We have jurisdiction pursuant to 28 U.S.C. §§ 1291 and 2253(a). We exercise
plenary review over the District Court’s legal conclusions and review its factual findings
for clear error. See Denny v. Schultz,
708 F.3d 140, 143 (3d Cir. 2013). A challenge to
the execution of a sentence, including the sanction of loss of good conduct time, is
2
properly brought by a federal prisoner under § 2241. See Queen v. Miner,
530 F.3d 253,
254 n.2 (3d Cir. 2008) (per curiam).
We agree with the District Court’s analysis of this case. A federal prisoner must
exhaust his administrative remedies before petitioning for a writ of habeas corpus
pursuant to § 2241. See Moscato v. Fed.
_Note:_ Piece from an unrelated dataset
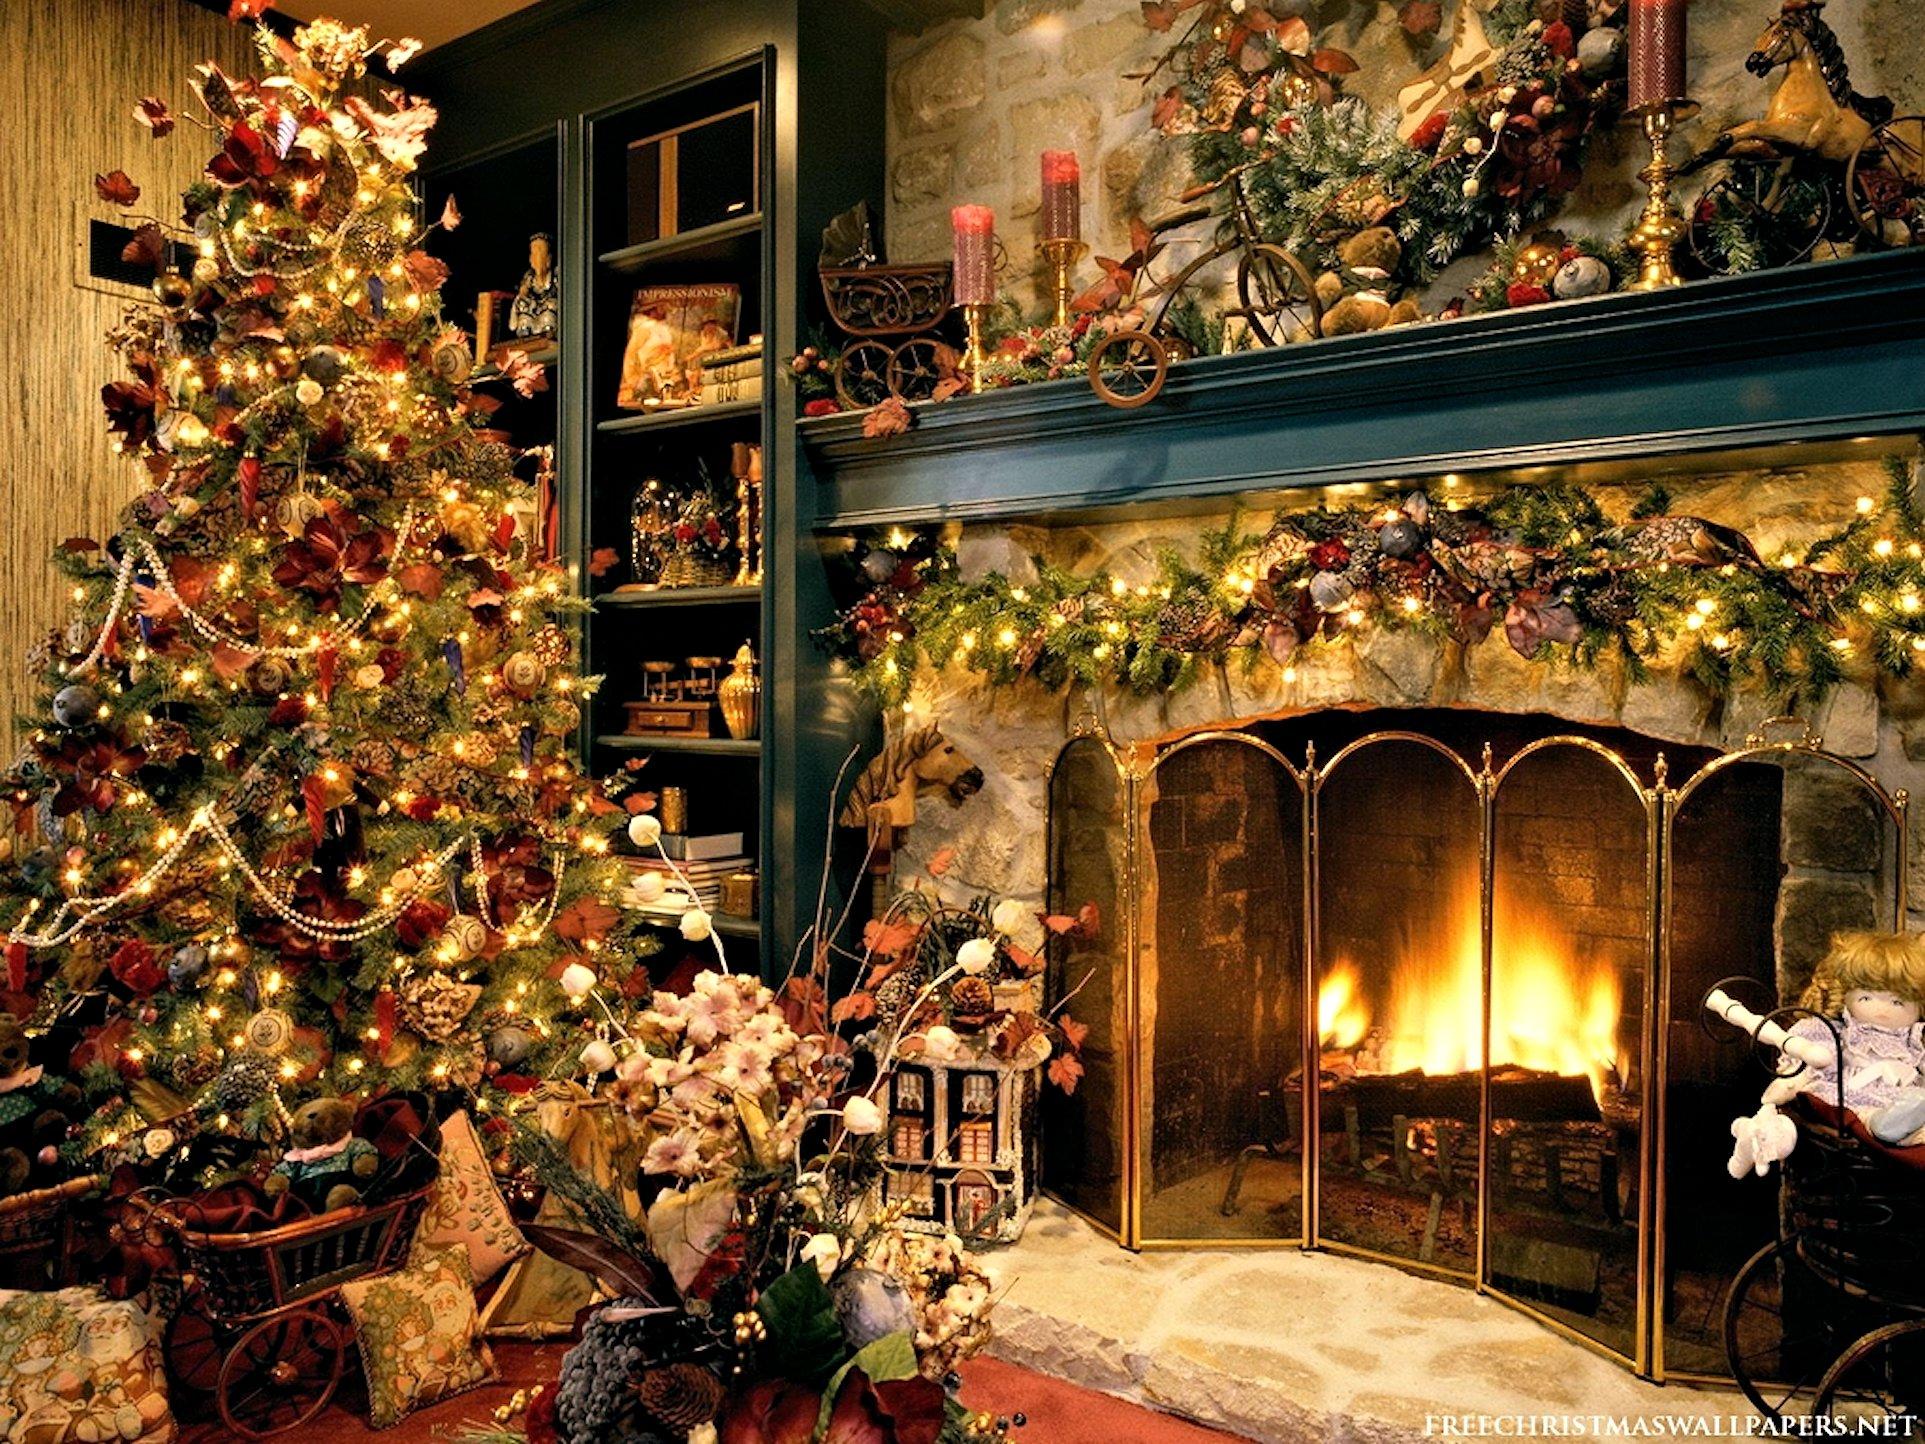 Fireplace 1024 127315 Desktop Wallpapers Wallpapers 1925x1444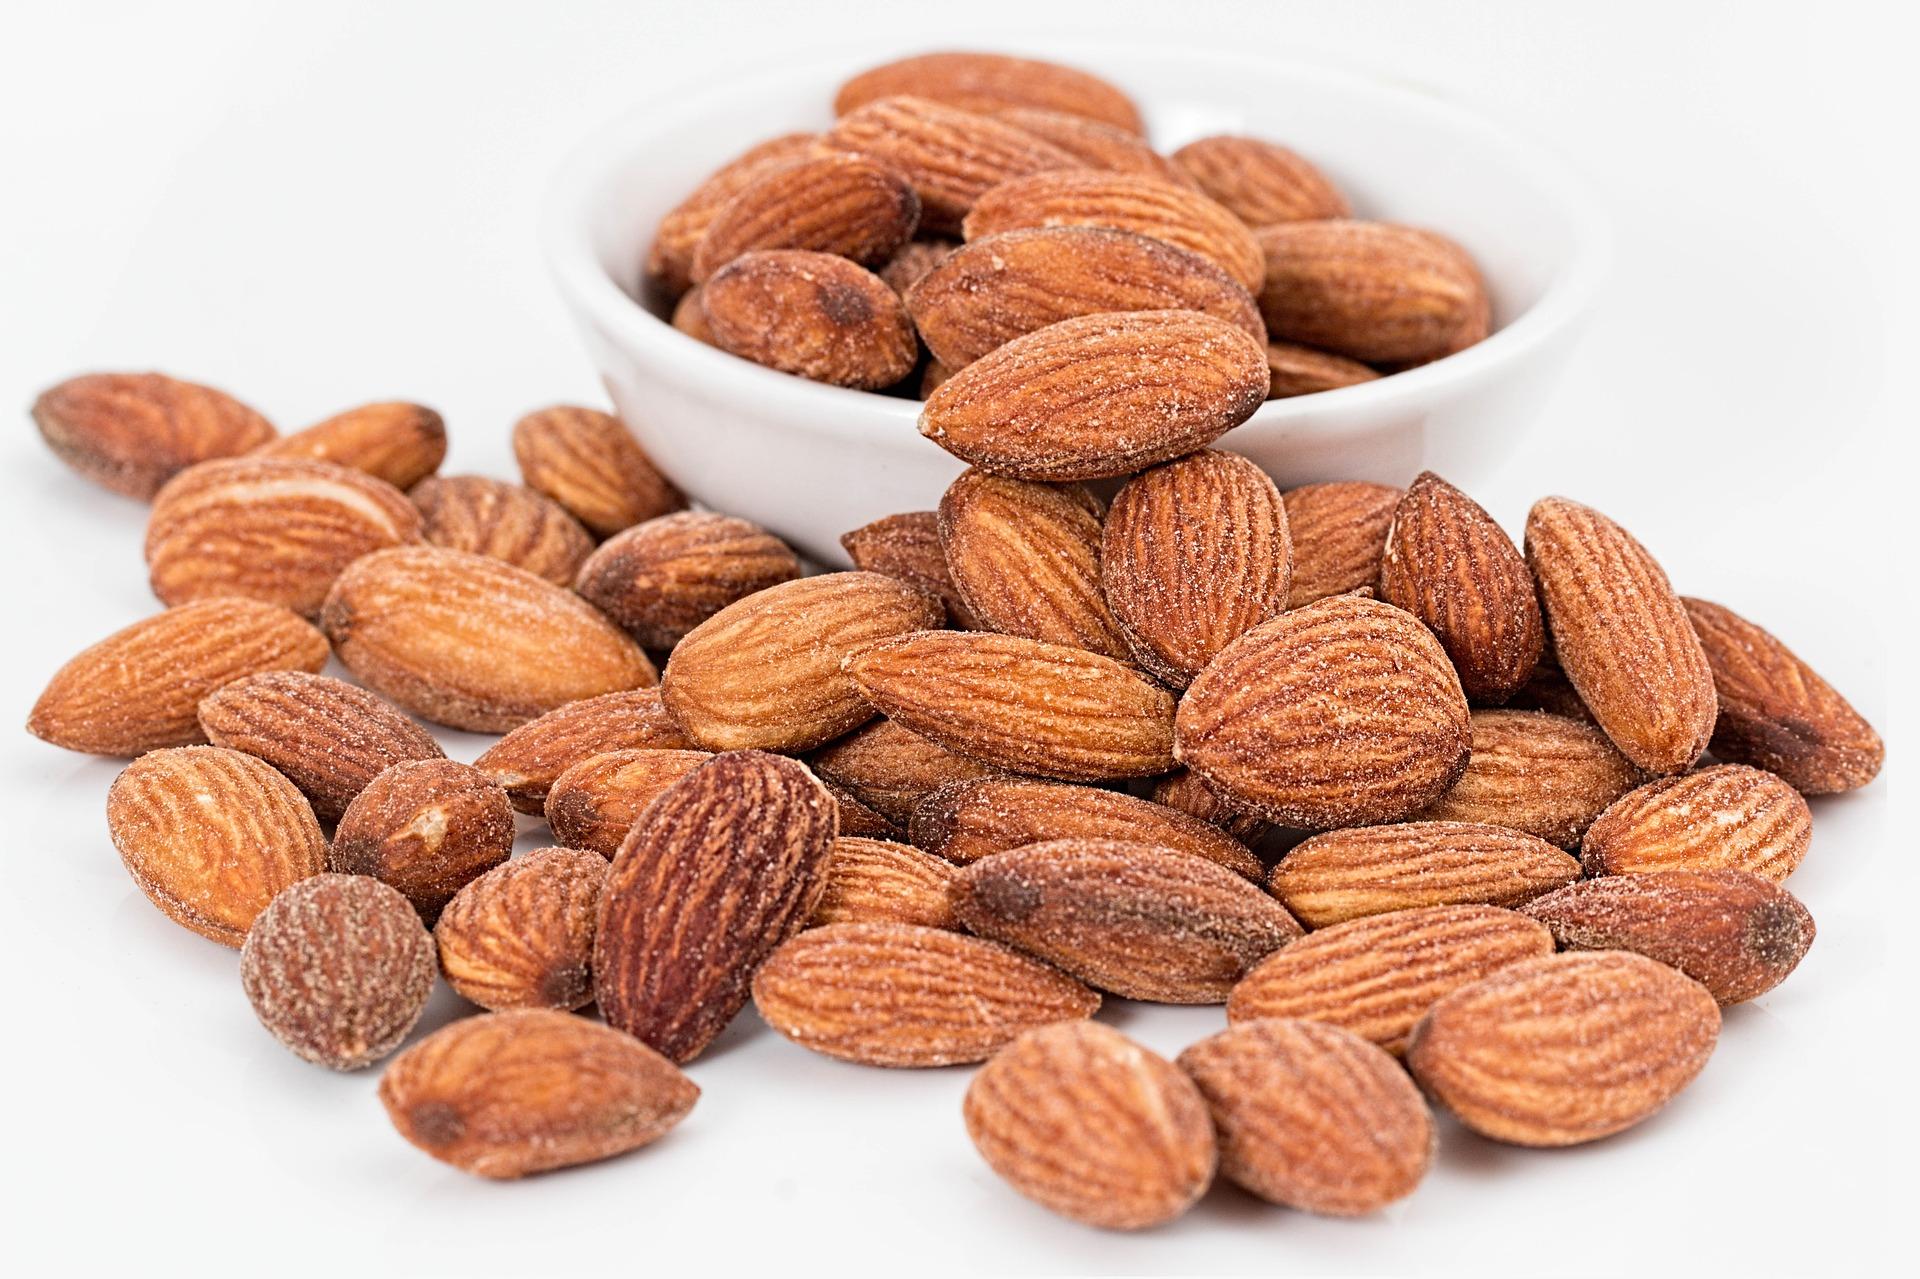 almonds-1768792_1920.jpg

Bureau of Prisons,
98 F.3d 757, 760 (3d Cir.
1996). Proper exhaustion requires that a prisoner present his claim at every
administrative level. See generally
id. at 761. The relevant regulations provide that an
appeal from a hearing officer’s decision should be taken to the Regional Director. 28
C.F.R. § 542.14(d)(2). If the prisoner is not satisfied with the Regional Director’s
decision, he can appeal to the General Counsel, which “is the final administrative
appeal.”
Id. at § 542.15(a).
Here, as the District Court explained, Concepcion failed to take an appeal to the
General Counsel, and therefore did not exhaust his administrative remedies. See
Moscato, 98 F.3d at 760 (prisoner who did not file a timely appeal to the General Counsel
had procedurally defaulted his claim). Because the time for seeking such review has
expired, Concepcion’s claim is procedurally defaulted.
Id. Therefore, judicial review is
barred unless he can demonstrate cause and prejudice.
Id. at 761-62
Concepcion argues that his failure to exhaust should be excused because the
Regional Director wrongly found his appeal untimely. However, he could have raised
that argument in an appeal to the General Counsel. See generally
id. (explaining that one
of the reasons for requiring exhaustion is that “providing agencies the opportunity to
3
correct their own errors fosters administrative autonomy”). Likewise, the Regional
Director’s alleged failure to respond to his appeal did not prevent Concepcion from
seeking further review; the regulations specifically provide that “[i]f the inmate does not
receive a response within the time allotted for reply . . . the inmate may consider the
absence of a response to be a denial at that level.” 28 C.F.R. § 542.18. 1
Accordingly, we will affirm the District Court’s judgment.
1
The Regional Director is required to respond to an appeal within 30 calendar days,
although that time can be extended an additional 30 days. 28 C.F.R. § 542.18.